Onze man op het forum, die we nu niet meer loslaten, besluit plots naar bloedsporen te zoeken. Bloedsporen? Aan de rostra zie je hem in de greppels, tussen het stof, met zijn voet schoffelen. Cicero's handen en hoofd hingen ooit aan deze tribune. Hij keert op zijn schreden terug. Galba's lijk lag een tijd bij de Lacus Curtius, bedenkt hij. Natuurlijk gleed zijn bloed het bassin in - geen sanguis meer: fris, in de aders schuimend bloed, maar cruor: bloederige brij, modderstraal die rood begint en roze eindigt. Elke gedachte aan een dode is een gebed. De machine gaat weer aan het rollen.

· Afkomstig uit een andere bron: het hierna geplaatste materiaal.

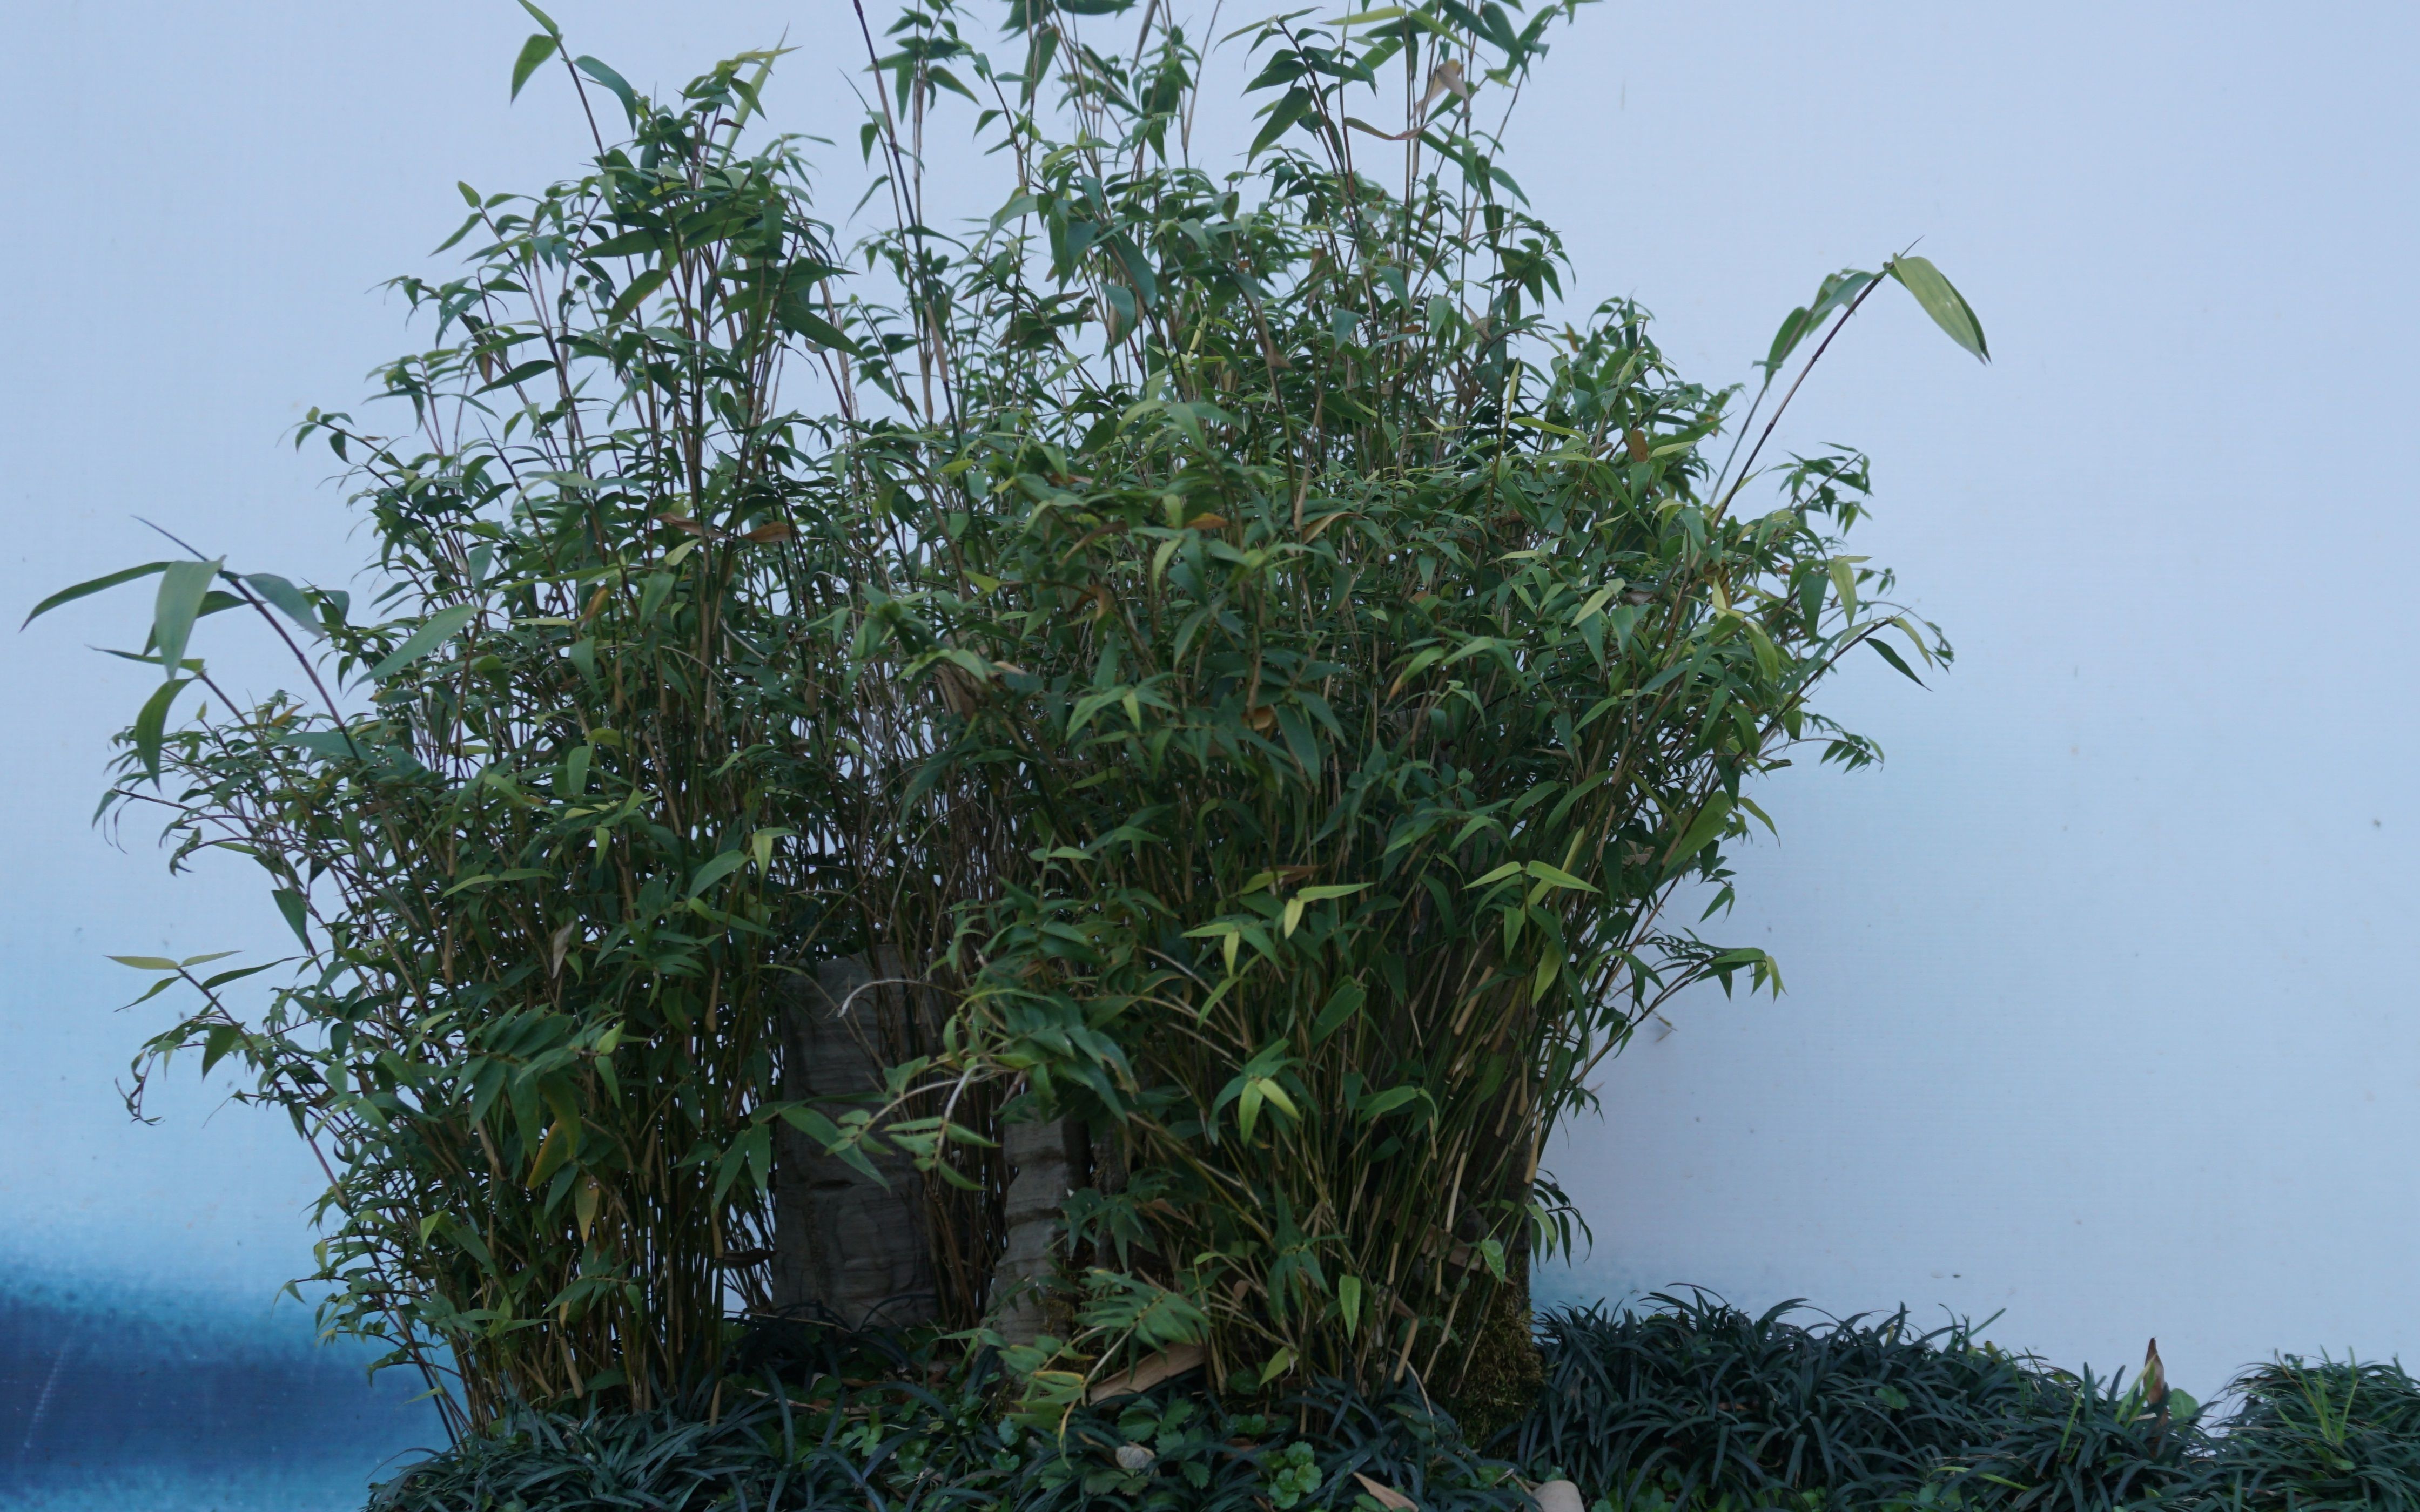 迷你版竹子凤尾竹植株矮小最适合做家庭盆栽啦

Even verder werd Caesar door de massa onverwacht en haastig gecremeerd. Geen Marsveld voor het idool, maar een machteloze hulde, hier, een rokerige vuurhaard, woedend aangestoken tussen de opeengepakte zuilen, tempels en basilieken, met al het hout dat men op het forum kon vinden. Vuur is catharsis - denkt de adept van de Grote-Wereldbrand-gedachte. Het is hygiënisch - denkt de ambtenaar eschatologie. Caesar, de verstokte atomist, verstuift in myriaden atomen, ingeademd door de duizenden die hij net bij testament geld heeft gegeven. So let it be with Caesar.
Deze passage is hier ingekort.